Material to process below:

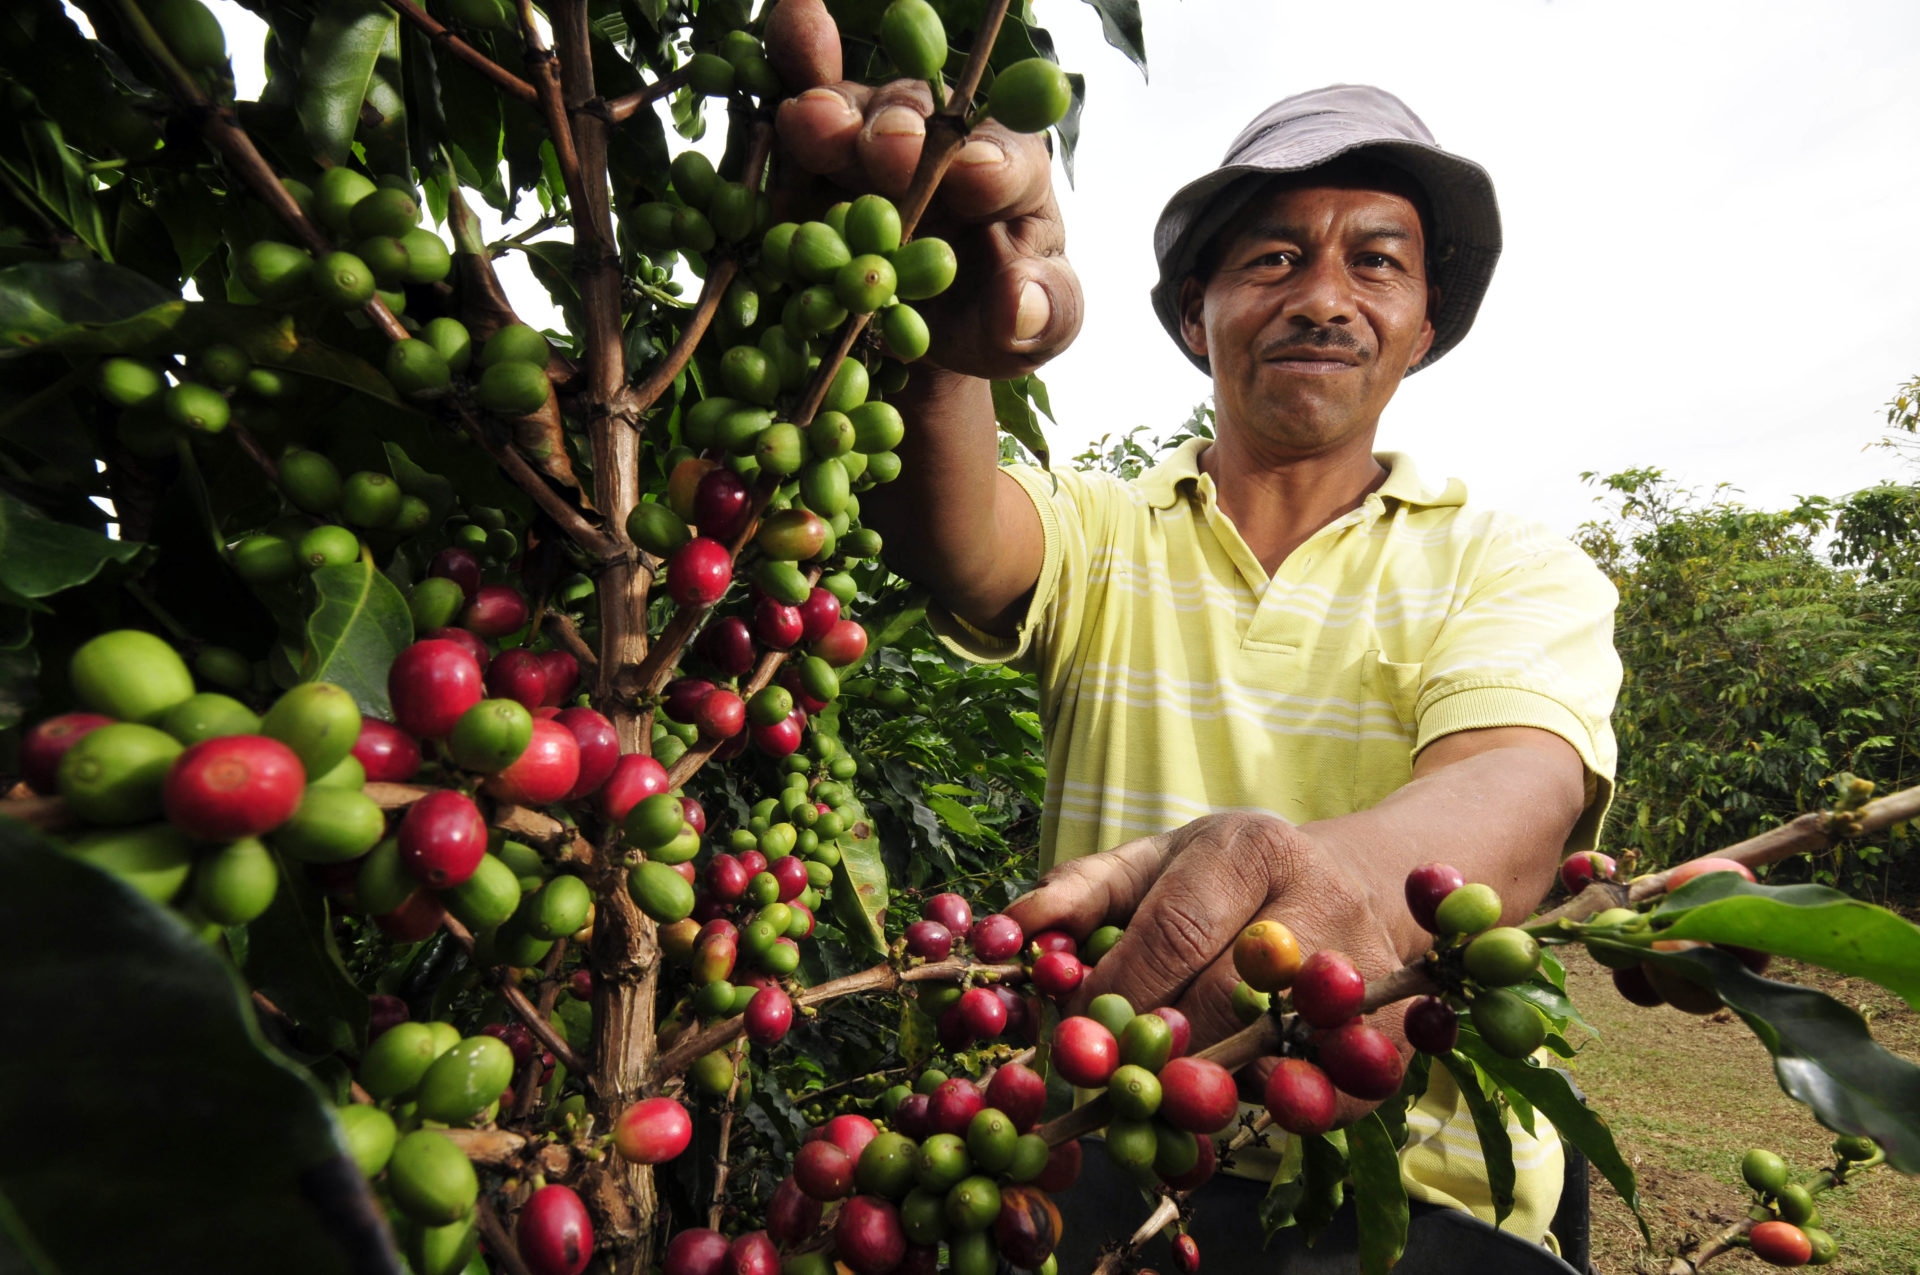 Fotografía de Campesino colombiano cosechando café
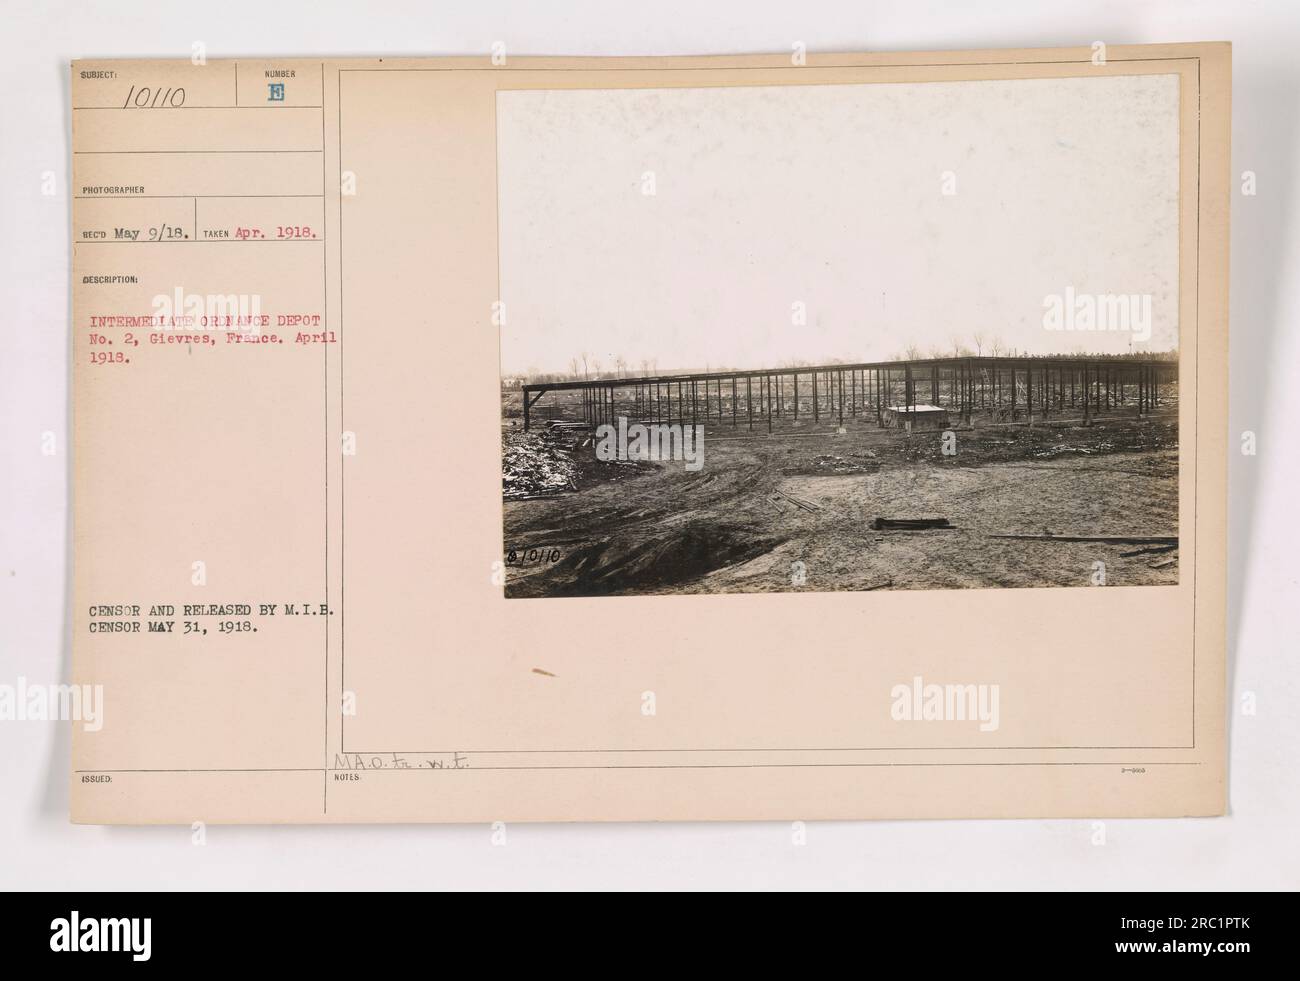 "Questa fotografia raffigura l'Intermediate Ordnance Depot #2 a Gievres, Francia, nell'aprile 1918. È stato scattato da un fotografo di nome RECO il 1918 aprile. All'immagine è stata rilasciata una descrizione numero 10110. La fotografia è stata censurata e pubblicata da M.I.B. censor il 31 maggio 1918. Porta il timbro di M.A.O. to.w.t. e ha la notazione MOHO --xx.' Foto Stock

End of Material to process.
Material to process below:

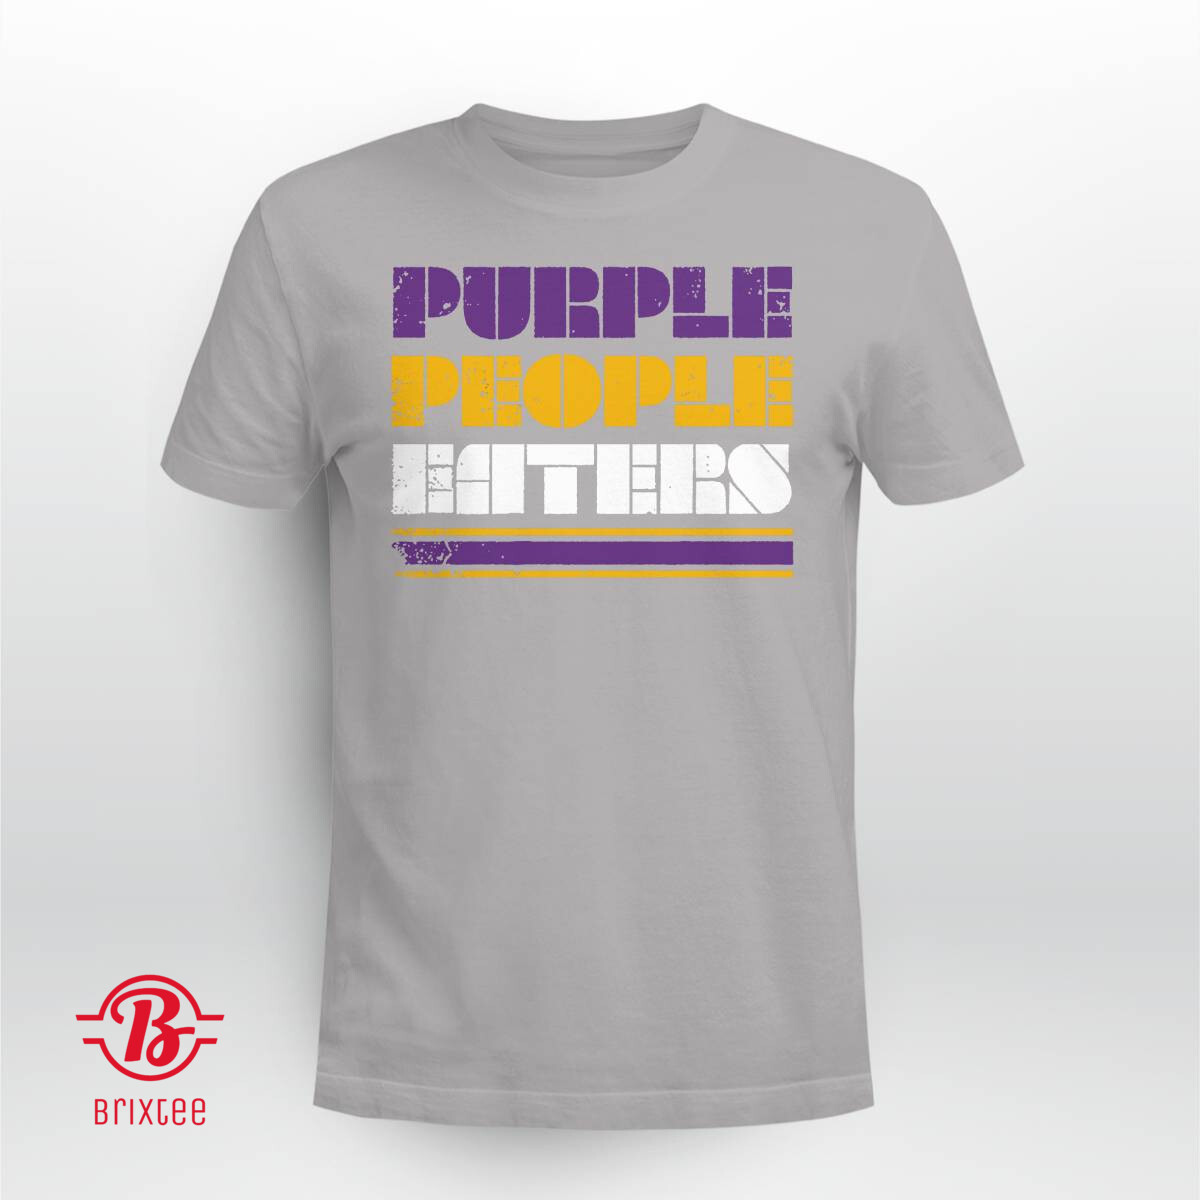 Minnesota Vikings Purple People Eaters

End of Material to process.
Material to process below:

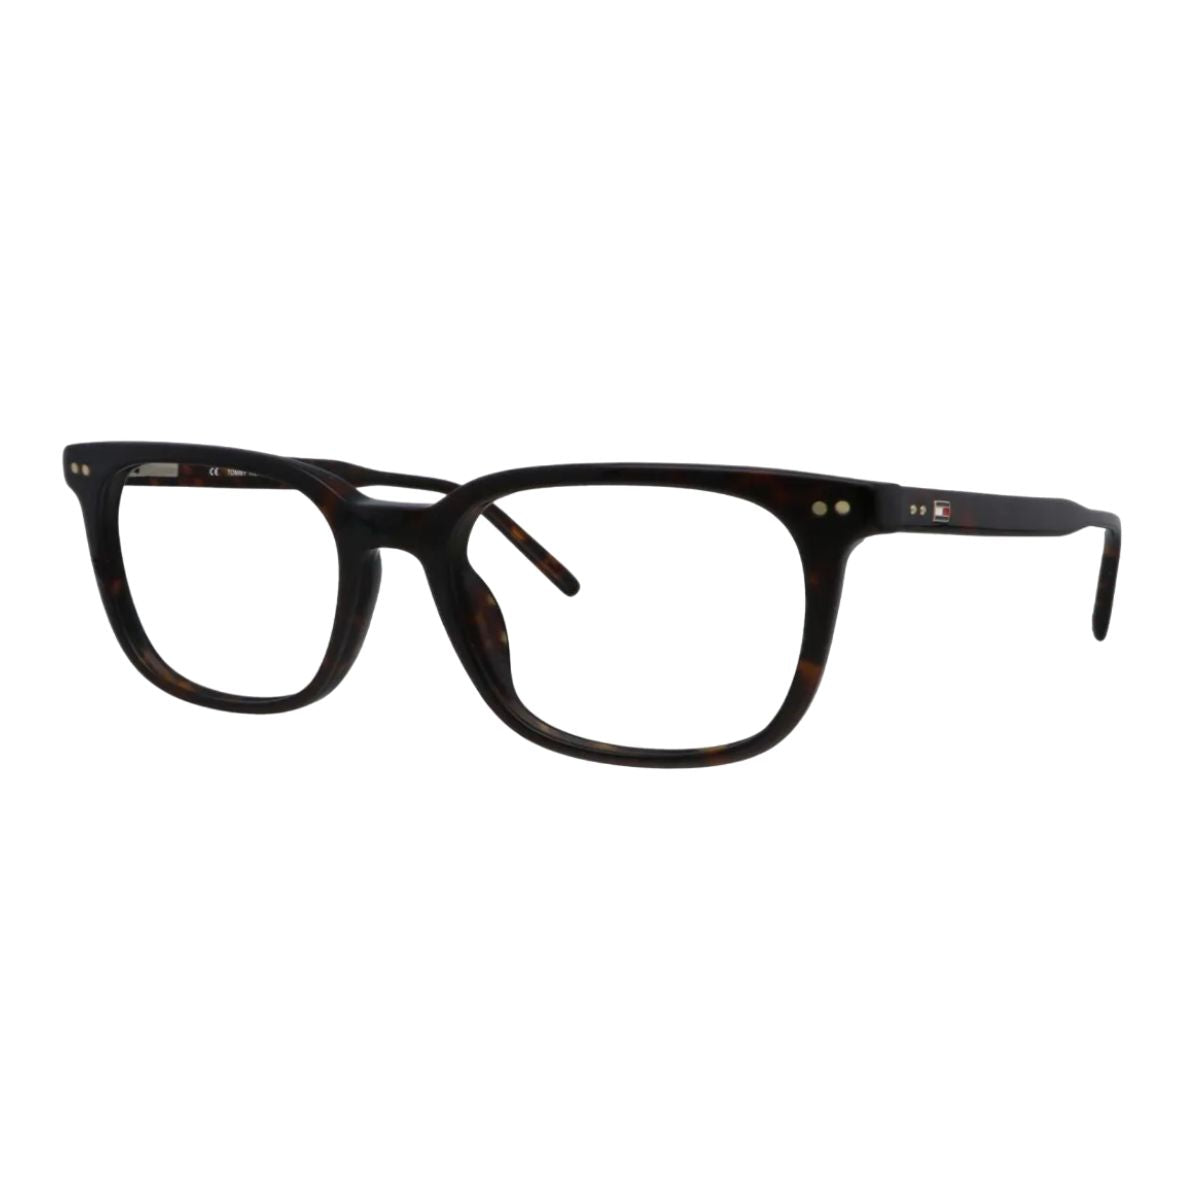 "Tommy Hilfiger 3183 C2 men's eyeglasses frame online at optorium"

End of Material to process.

Exercise directions:
Start with the line above containing "Fotografía de Campesino" and end with the line containing "--xx.' Foto Stock". Set down that stretch exactly, without any pictures.

Solution:
 Fotografía de Campesino colombiano cosechando café
 "Questa fotografia raffigura l'Intermediate Ordnance Depot #2 a Gievres, Francia, nell'aprile 1918. È stato scattato da un fotografo di nome RECO il 1918 aprile. All'immagine è stata rilasciata una descrizione numero 10110. La fotografia è stata censurata e pubblicata da M.I.B. censor il 31 maggio 1918. Porta il timbro di M.A.O. to.w.t. e ha la notazione MOHO --xx.' Foto Stock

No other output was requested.